Supercharging your HashMaps

There is plenty of content around that discuss the performance of the relative Java Collections classes, mostly in terms of adding and retrieving items and some of the specifics under the cover such as the effect of the initial capacity. HashMaps and HashSets are special cases that make heavy use of the Object.hashCode() contract and as such are particularly sensitive to the behaviour of that method.

This article was inspired by a couple of classes in the application I support at work. It has a couple of very large HashMaps, one containing several thousand properties and settings, and the other containing tens of thousands of translations. Since they are so pervasive their performance has a direct impact on the application, and since they are so large it was worth taking the time to see how they performed. From this I took a tangent to specifics affecting HashMap performance and the article below.

Firstly a recommendation: If you haven't read Joshua Bloch's Effective Java, you should. Much of the information below follows on from concepts in his book, but there is no replacement for the wealth contained in the book.

While looking at HashMaps, we will of course look at the effects on loading and retrieving data, but we'll also address the time to iterate the contents and combine the effects of the initial capacity at the same time. Having read the API, you are of course aware that the HashSet class is backed by a HashMap, which is why we cover one and not the other.

HashMaps With String Keys

Our HashMaps are keyed against either a String or Integer value, so I thought I would start with Strings.

Loading the Strings

I created three lists of random Strings containing 1,000 10,000 and 100,000 items. The Strings were from 5 to 10 characters long and all upper case.

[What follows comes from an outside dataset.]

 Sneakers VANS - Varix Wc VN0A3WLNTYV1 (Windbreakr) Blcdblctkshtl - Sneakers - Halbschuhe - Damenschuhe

The Strings values were loaded into an Array and the time taken to load them from the Array into the HashMap was measured for a variety of initial capacities and timed using something like this...


    long start = System.nanoTime();

    for (String key : array   ) {

        map.put(key, key);

    }

    System.out.println("Took " + (System.nanoTime() - start) / 1000000 + " ms");

Key Size	Initial Capacity	Load time (ms)

1000	10	4
1000	100	4
1000	1000	4
1000	10,000	4
1000	100,000	4
1000	1,000,000	4

10,000	10	20
10,000	100	20
10,000	1000	20
10,000	10,000	20
10,000	100,000	20
10,000	1,000,000	20

100,000	10	110
100,000	100	110
100,000	1000	110
100,000	10,000	110
100,000	100,000	110
100,000	1,000,000	110
Table 1 - String key loading times

These results are non-threatening and may even be a little faster than expected. It is certainly the case that you wouldn't think twice about putting 100,000 records in a HashMap if you knew it was going to take a tenth of a second to load.

Retrieving the Strings

Now that we have the data loaded, it isn't much good unless we can get it back out. Since HashMaps are renouned for their ability to return data quickly, we will start with that. Note that to make sure the time spent selecting an item doesn't affect our results, we will pick the first item from our initial list and load it repeatedly like this...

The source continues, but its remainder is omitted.